Assignment:
The lines from the one containing "kimiss 6000/CD 3.5/mm" through the final line of the listing below are what the answer must repeat, exactly and only, leaving pictures out.

Data extract:

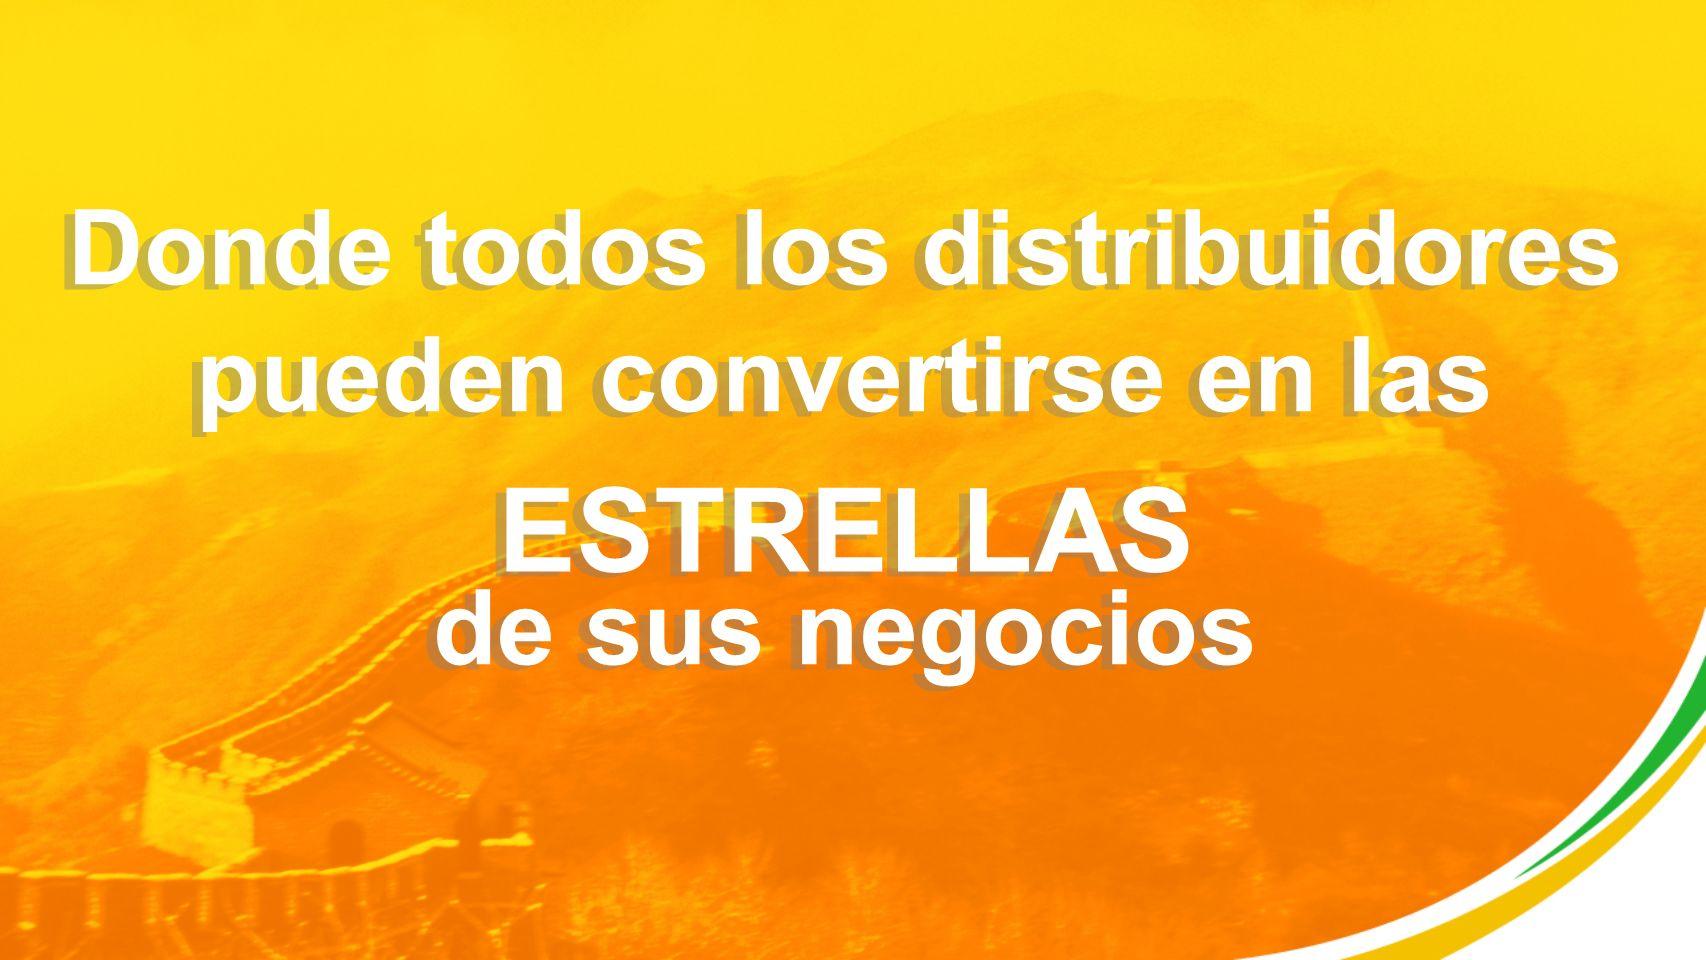 Donde todos los distribuidores pueden convertirse en las de sus negocios ESTRELLAS
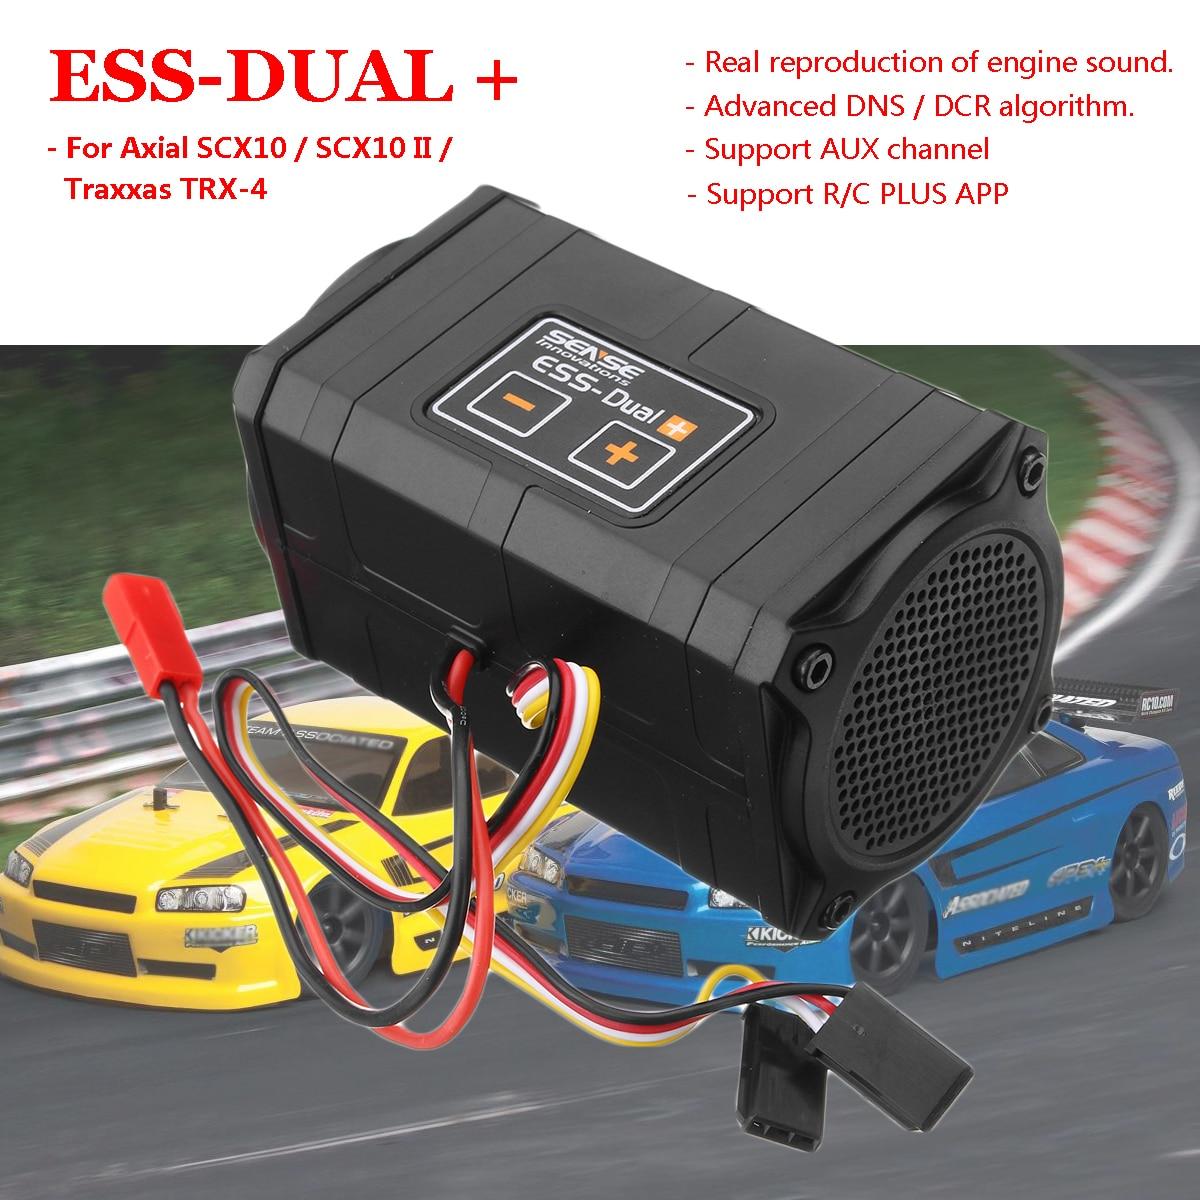 kimiss 6000/CD 3.5/mm zu 12pin Adapter AUX-Kabel f/ür das Auto mit Werkzeuge-CD
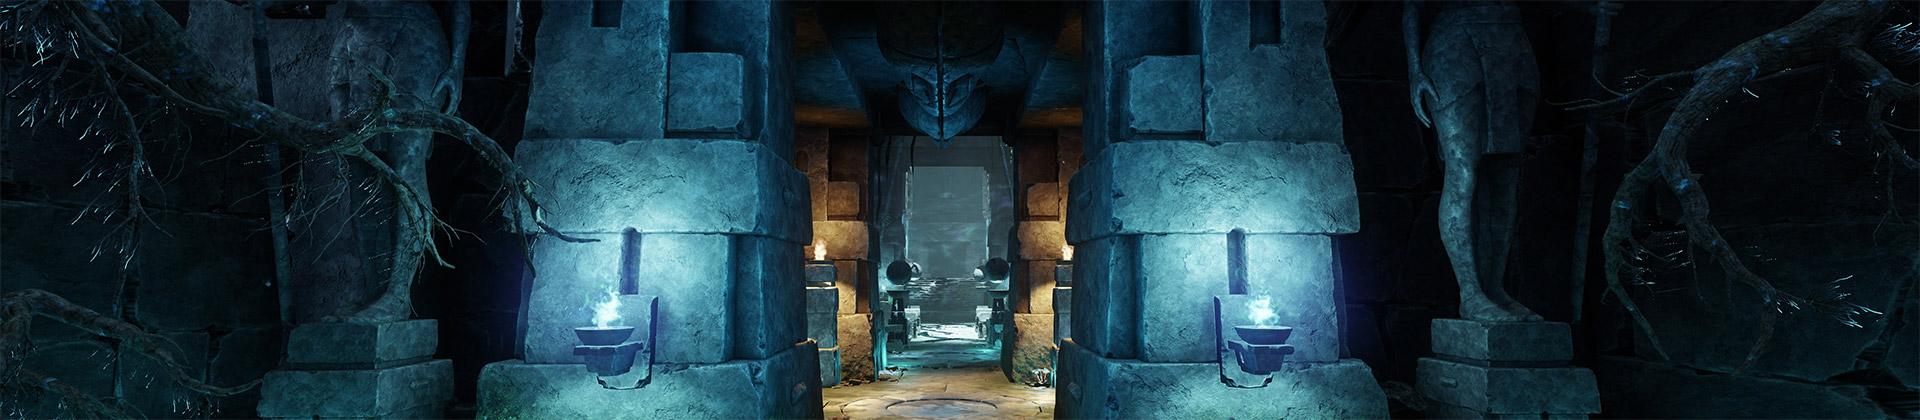 Ein Screenshot eines langen Ganges, in dem keine Spieler oder Gegner zu sehen sind. Der Gang besteht aus uraltem gehauenem Stein und wird abwechselnd von kalten und warmen Lichtern beleuchtet. Er ist gesäumt von knorrigen Bäumen.
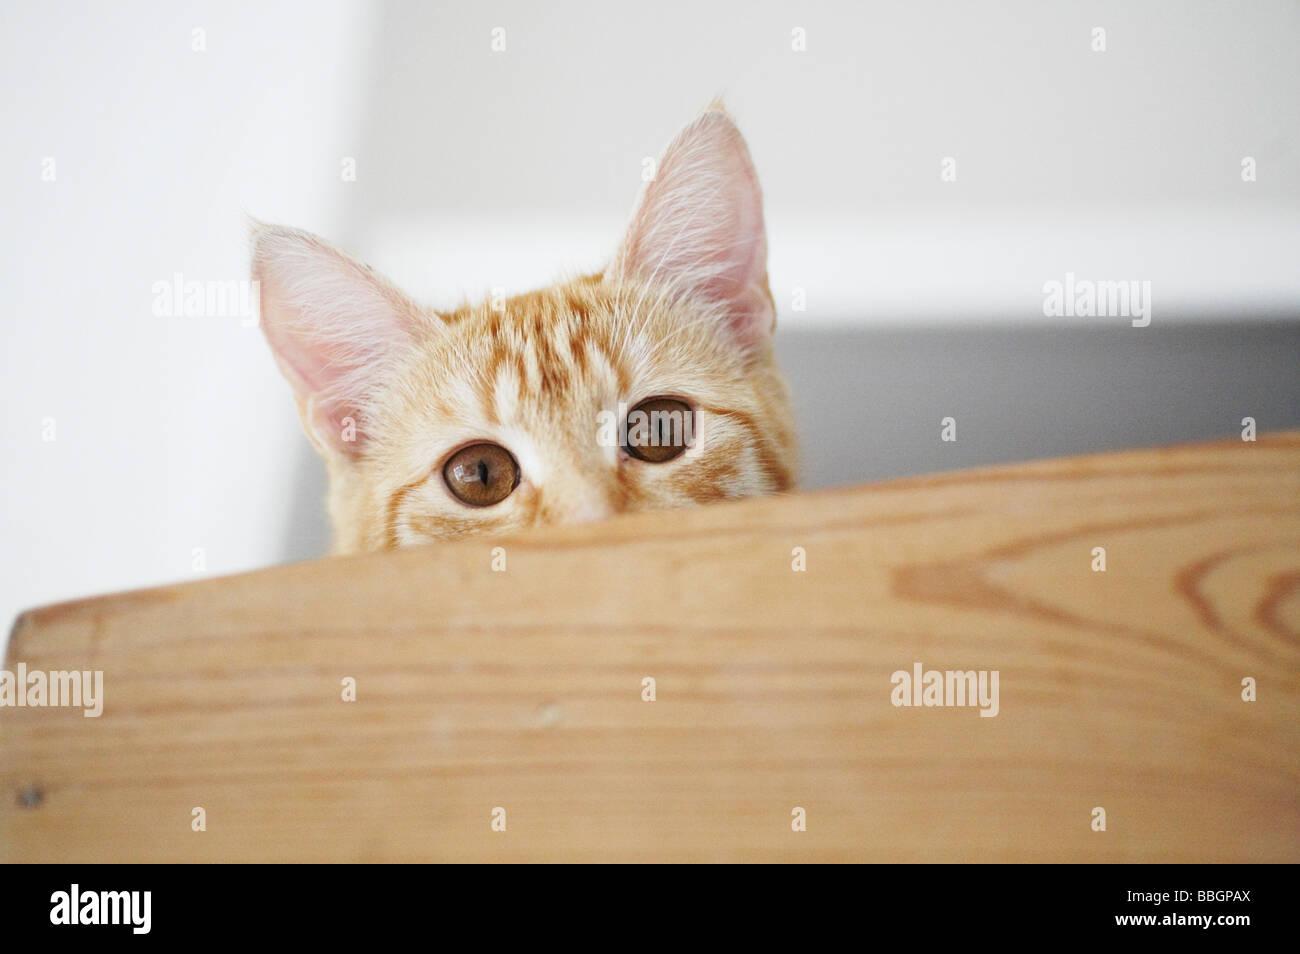 freche freche Katze Kätzchen Verstecken spielen Versteckspiel Ingwer Haustier tabby Stockbild

Answer to the exercise:
 kimiss 6000/CD 3.5/mm zu 12pin Adapter AUX-Kabel f/ür das Auto mit Werkzeuge-CD
 Ein Screenshot eines langen Ganges, in dem keine Spieler oder Gegner zu sehen sind. Der Gang besteht aus uraltem gehauenem Stein und wird abwechselnd von kalten und warmen Lichtern beleuchtet. Er ist gesäumt von knorrigen Bäumen.
 freche freche Katze Kätzchen Verstecken spielen Versteckspiel Ingwer Haustier tabby Stockbild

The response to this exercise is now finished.